# Tinybird Analytics Endpoints

## Filtering Architecture

### Session-Level vs Hit-Level Attributes

Ghost analytics distinguishes between two types of attributes:

#### Session-Level Attributes
These are captured from the **first hit** (earliest timestamp) in a session using `argMinState(field, timestamp)` in the `_mv_session_data` materialized view (an `AggregatingMergeTree` table):

- `source` - Referring domain
- `utm_source` - UTM source parameter
- `utm_medium` - UTM medium parameter
- `utm_campaign` - UTM campaign parameter
- `utm_term` - UTM term parameter
- `utm_content` - UTM content parameter

Session-level attributes represent the **origin** of the session and remain constant throughout the entire session, even if subsequent pageviews have different UTM parameters or come from different sources.

#### Hit-Level Attributes
These can vary across pageviews within a session:

- `pathname` - URL path of the page
- `post_uuid` - UUID of the post/page
- `member_status` - Member status at time of hit (can change during a session)

### How Filtering Works

All endpoint filtering is handled through the `filtered_sessions.pipe`, which uses a two-stage approach:

**Stage 1: Query Filters (Hit-Level)**
```sql
NODE query_filters
```
Finds sessions where **at least one hit** matches the hit-level filter criteria (pathname, post_uuid, member_status). A session qualifies if ANY of its pageviews match the specified criteria.

**Stage 2: Session Attributes (Session-Level)**
```sql
NODE sessions_filtered_by_session_attributes
```
Further filters by session-level attributes (source, utm_*) by reading from `_mv_session_data` using `-Merge` combinators (e.g., `argMinMerge(source)`). These filters check attributes from the **first hit only**.

**Stage 3: Final Output**
```sql
NODE filtered_sessions
```
Returns session IDs that match **all** filter criteria (both hit-level and session-level).

### Important Behavior: All Hits from Matching Sessions

When endpoints join `_mv_hits` with `filtered_sessions`, they return **ALL hits from sessions that match the filter criteria**, not just the specific hits that matched.

#### Example: api_top_pages

```sql
select
    post_uuid,
    pathname,
    uniqExact(session_id) as visits
from _mv_hits h
inner join filtered_sessions fs
    on fs.session_id = h.session_id
```

**Scenario:** Filter by `utm_medium=social`

If there are 5 sessions where the first hit had `utm_medium=social`:
- The query returns ALL pageviews from those 5 sessions
- A single session might visit multiple pages (e.g., /, /about/, /blog/post/)
- Each page shows how many of the 5 sessions visited it
- The sum of visits across all pages can exceed 5 because sessions are counted once per unique page they visited

**Result:**
```json
{"pathname":"/about/","visits":3}     // 3 of the 5 sessions visited /about/
{"pathname":"/","visits":3}            // 3 of the 5 sessions visited /
{"pathname":"/blog/hello/","visits":2} // 2 of the 5 sessions visited /blog/hello/
```

Total: 8 page-session combinations from 5 unique sessions.

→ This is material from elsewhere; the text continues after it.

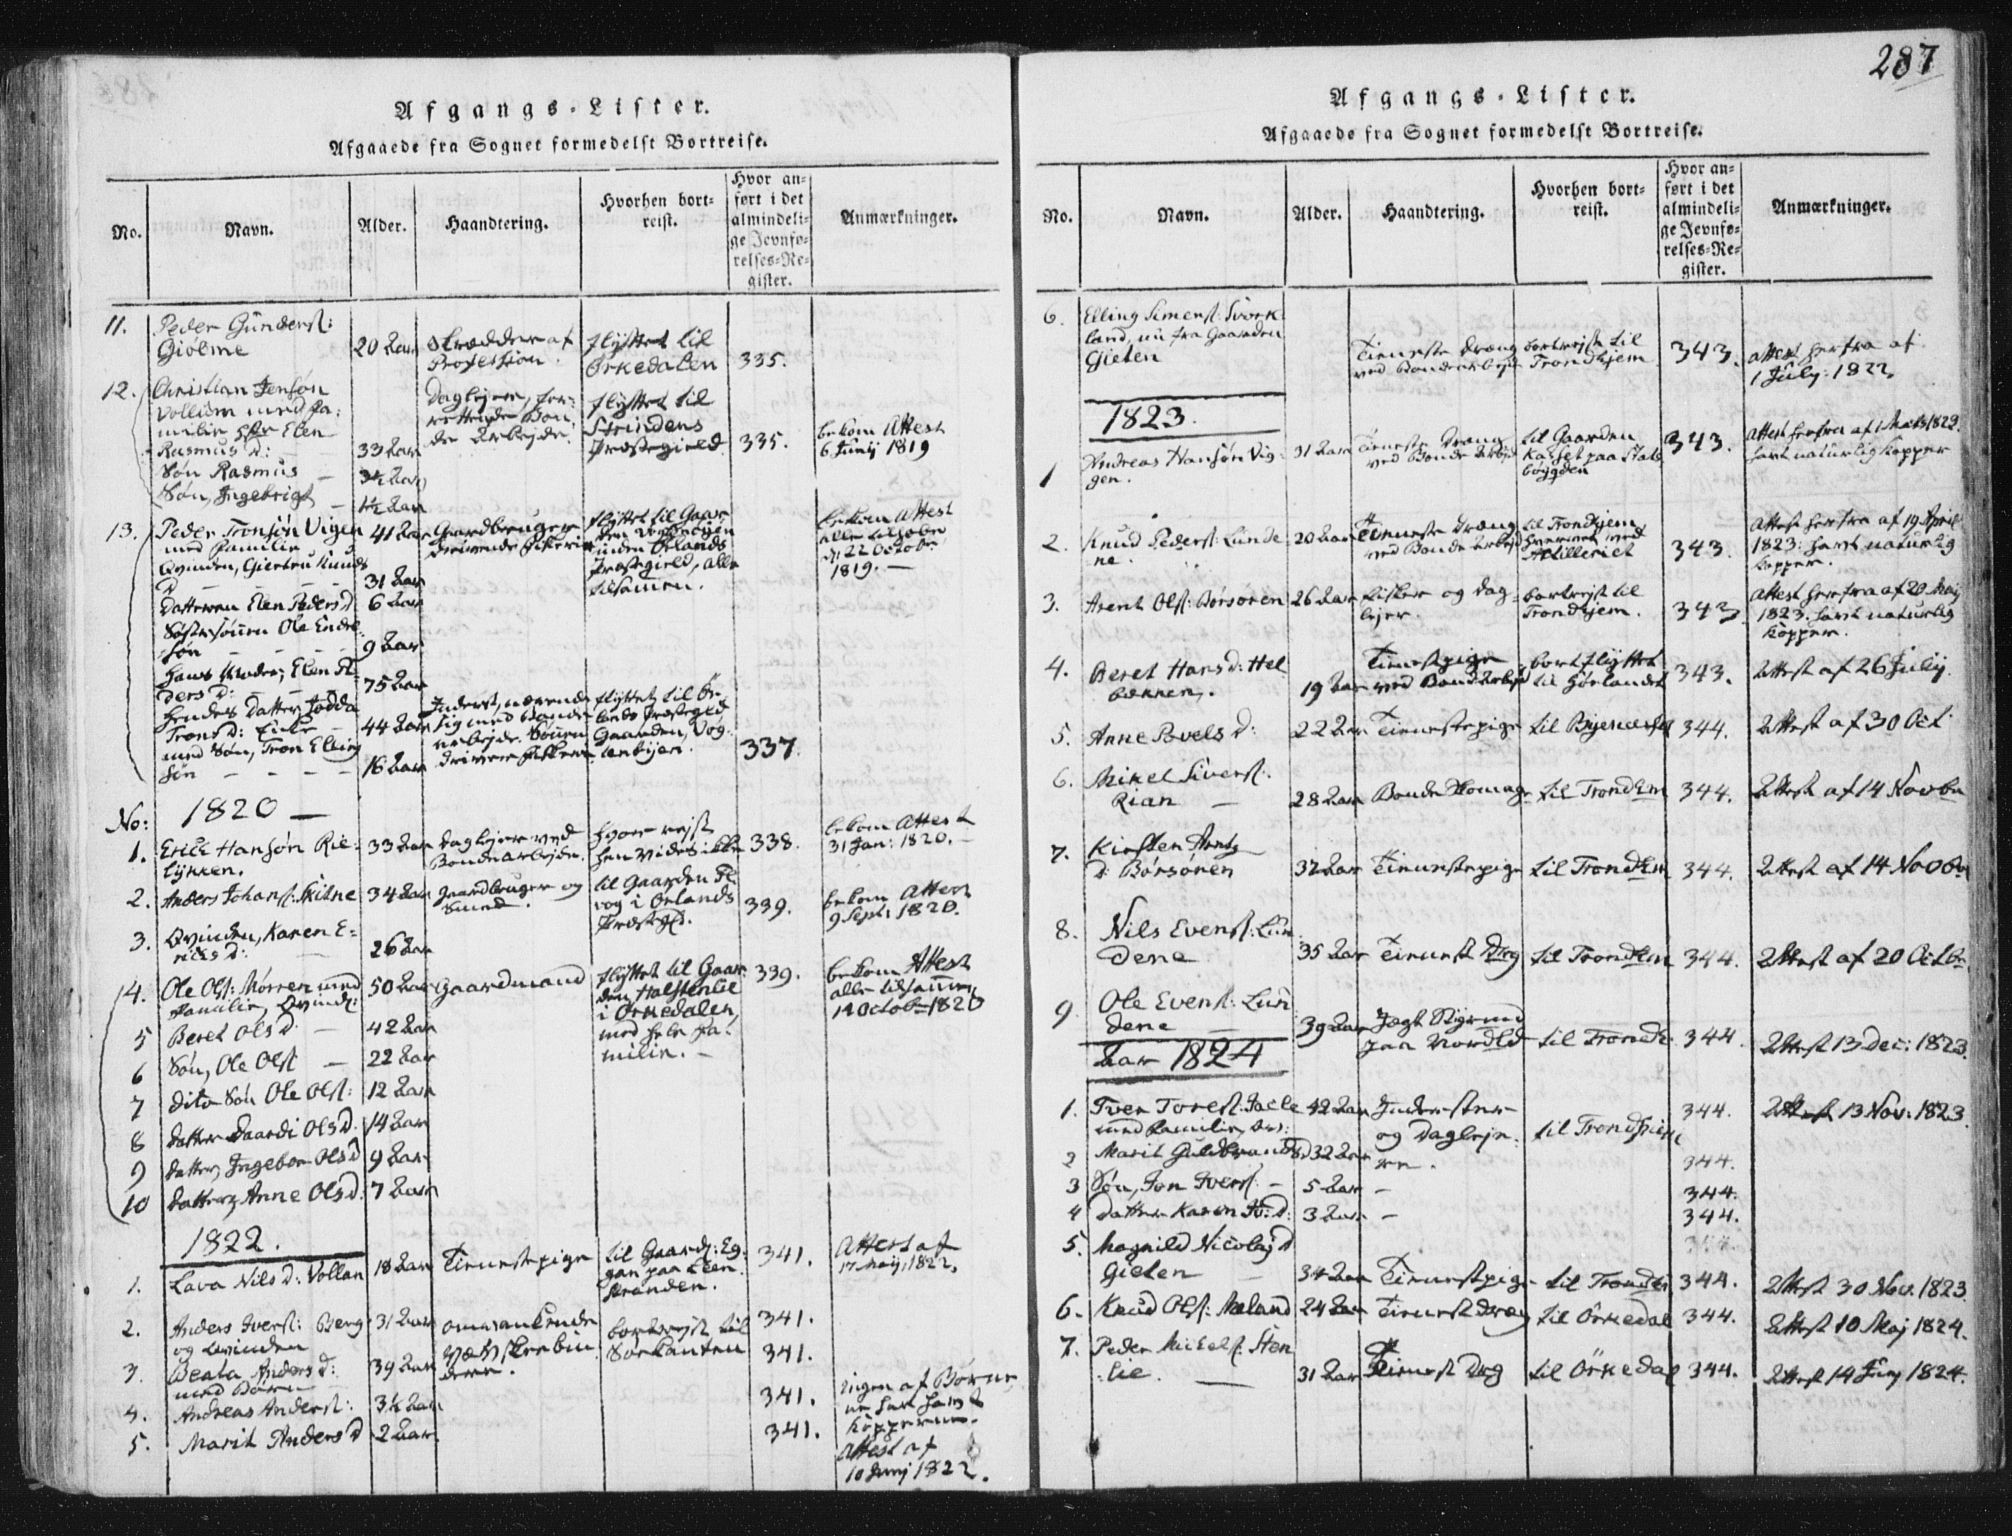 SAT, Ministerialprotokoller, klokkerbøker og fødselsregistre - Sør-Trøndelag, 665/L0770: Ministerialbok nr. 665A05, 1817-1829, s. 287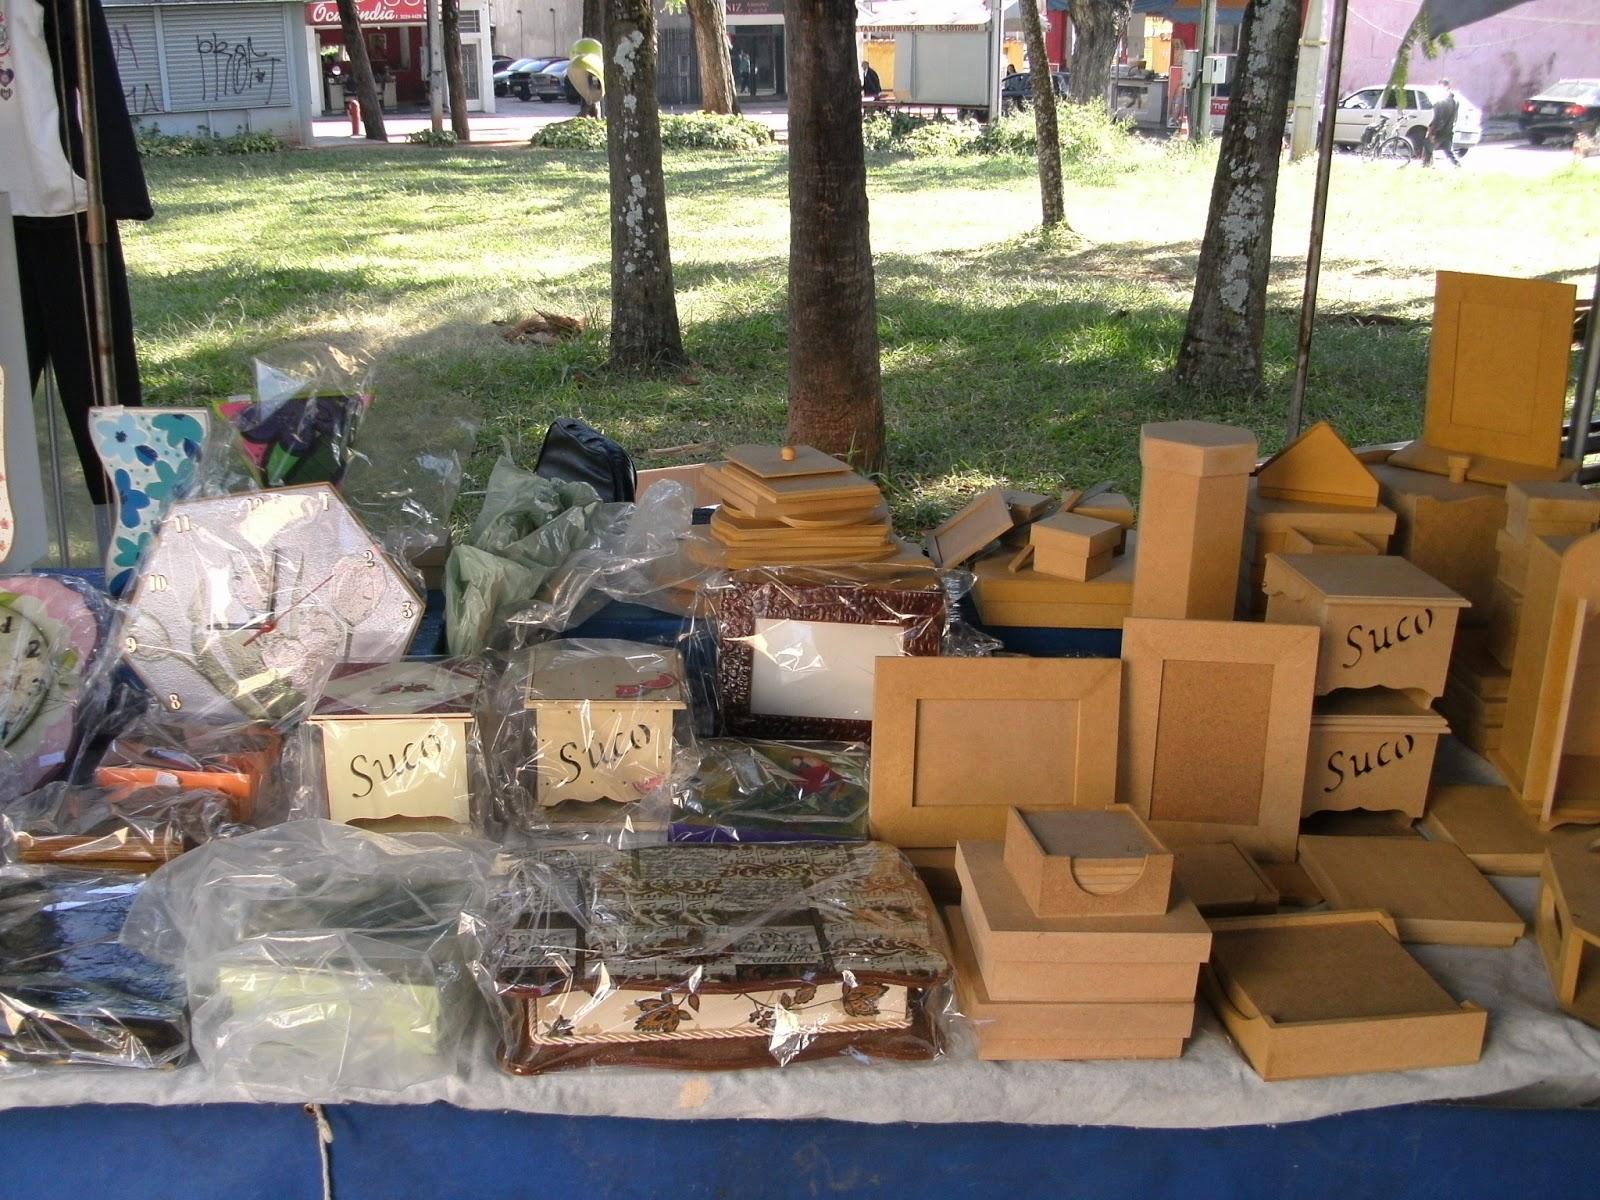 feira de artesanato em Sorocaba MADEIRAS MDF

This behavior answers the question: **"What pages did users visit when they came from [source/utm]?"** rather than **"Which specific pageviews had [source/utm] in the URL?"**

### Filter Placement Rules

When creating or modifying endpoints:

1. **Session-level filters** (source, utm_*) → Only in `filtered_sessions.pipe`
2. **Hit-level filters** (pathname, post_uuid, member_status) → Can be in both:
   - `filtered_sessions.pipe` (for session qualification)
   - Endpoint queries (for additional filtering of results)
3. **Never duplicate** session-level filters in endpoint queries - always rely on `filtered_sessions`

### API Endpoint Patterns

All analytics endpoints follow this pattern:

```sql
from _mv_hits h
inner join filtered_sessions fs
    on fs.session_id = h.session_id
where
    site_uuid = {{ site_uuid }}
    -- Date range filters
    -- Hit-level filters only (if needed for this specific endpoint)
```

The join with `filtered_sessions` ensures only hits from sessions matching the filter criteria are included, while the `where` clause can apply additional hit-level filtering specific to the endpoint's purpose.